In the Chicago case, paramedics challenged the city's claim they were exempt from overtime by a provision that also exempts firefighters.

A landmark 1985 Supreme Court decision said Congress has almost unlimited power to force state and local governments to comply with the Federal Fair Labor Standards Act, which sets minimum wage and overtime requirements.

The law generally requires all employers - private and public - to provide overtime pay for those employees who work more than 40 hours in a week. But since 1974, Congress has allowed an exemption for government employees engaged in "fire protection" and "law enforcement."

The exemption allows state and local governments to depart from the conventional 40-hour work week for calculating overtime pay for some employees. For those in fire prevention, federal law lets government agencies avoid paying overtime as long as employees do not work more than 136 hours, or 53 hours per week, over an 18-day cycle.

The Chicago Fire Department puts its firefighters and paramedics on a schedule consisting of 24 hours on duty followed by 48 hours off, with every fifth workday off. The schedule amounts to 120 hours of duty in an 18-day cycle.

Paramedics sued, contending they, unlike firefighters, should get overtime pay when working more than 40 hours in any week.
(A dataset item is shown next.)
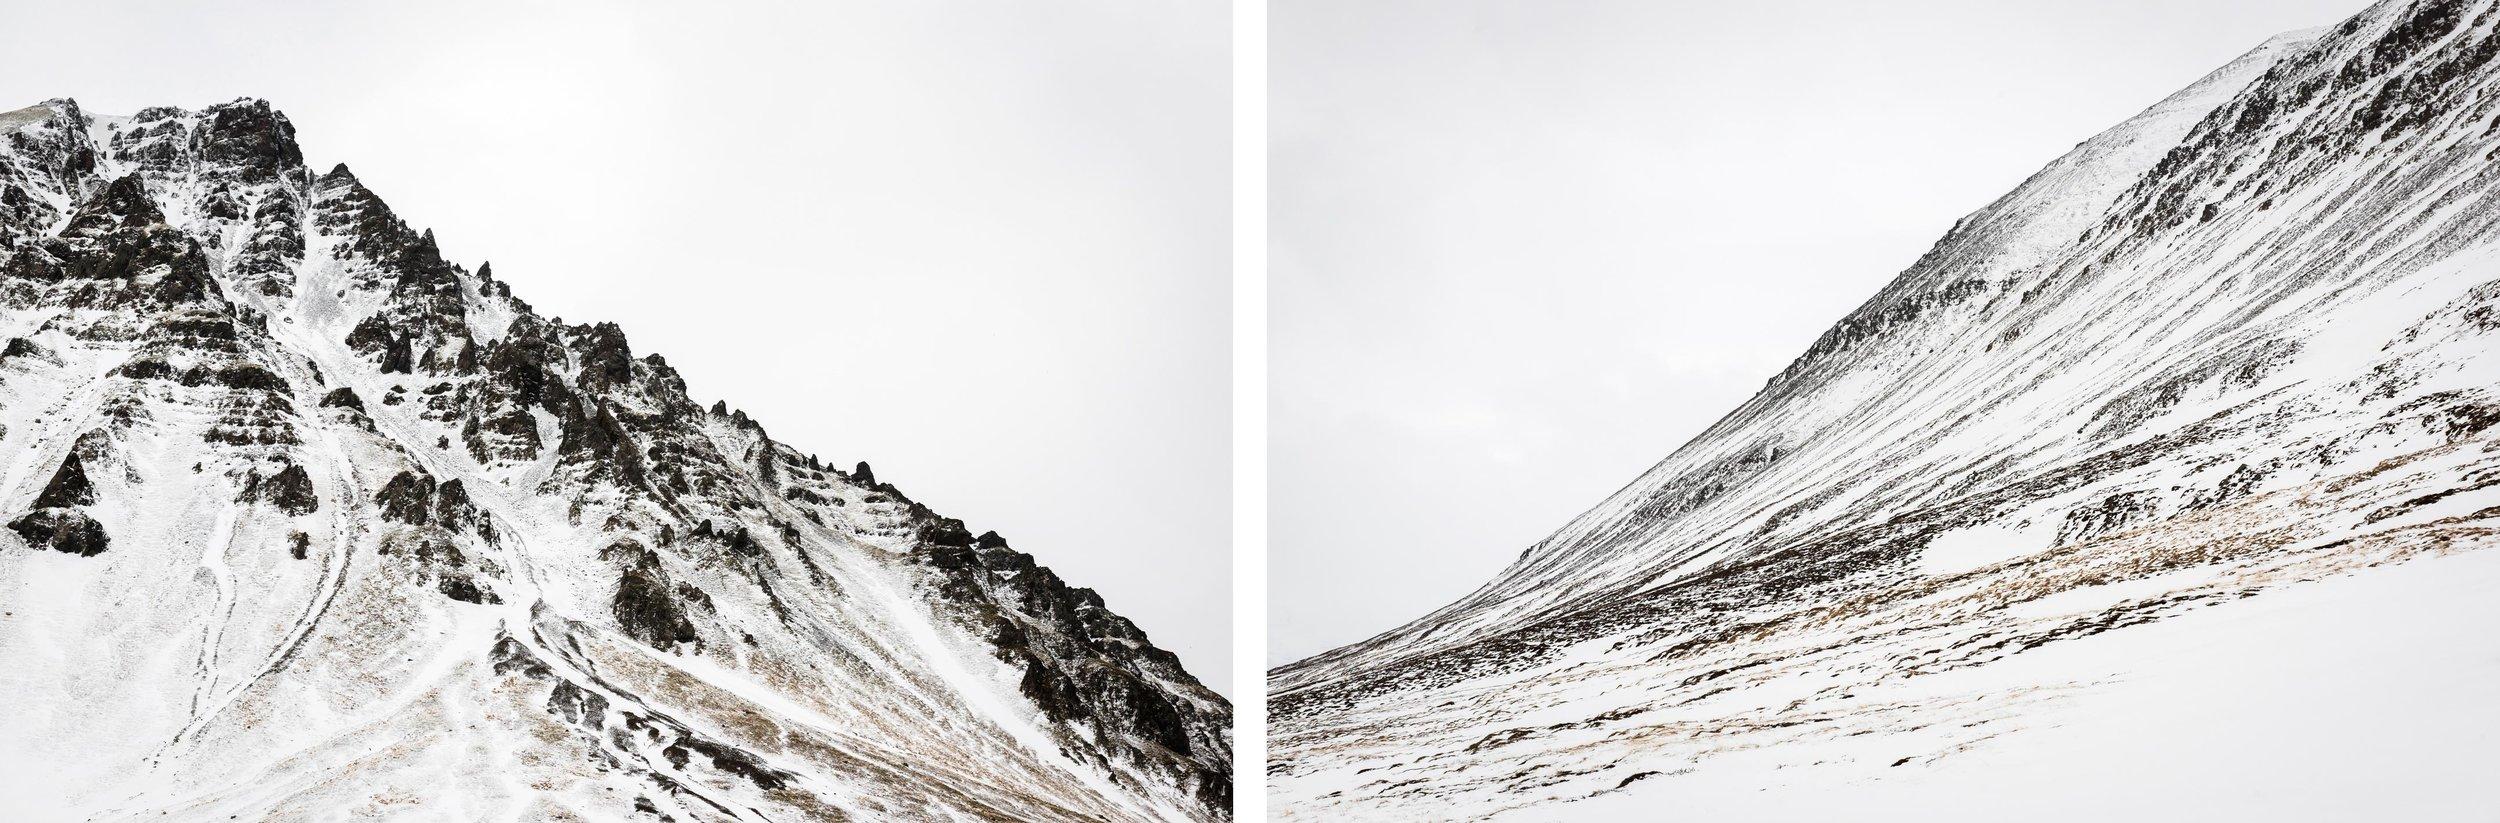 Voyage_Islande_Hiver_Anouk-Ruffieux_03.jpg

Their lawsuit noted that paramedics, although receiving the same salaries and benefits as firefighters, are not trained or expected to enter burning buildings or smoke-filled areas. Chicago paramedics, like those elsewhere, must remain in areas removed from fire scenes and do not treat victims until they have been evacuated from the immediate vicinity of a fire.

A federal trial judge and the 7th U.S. Circuit Court of Appeals said paramedics could not be treated the same as firefighters regarding overtime pay.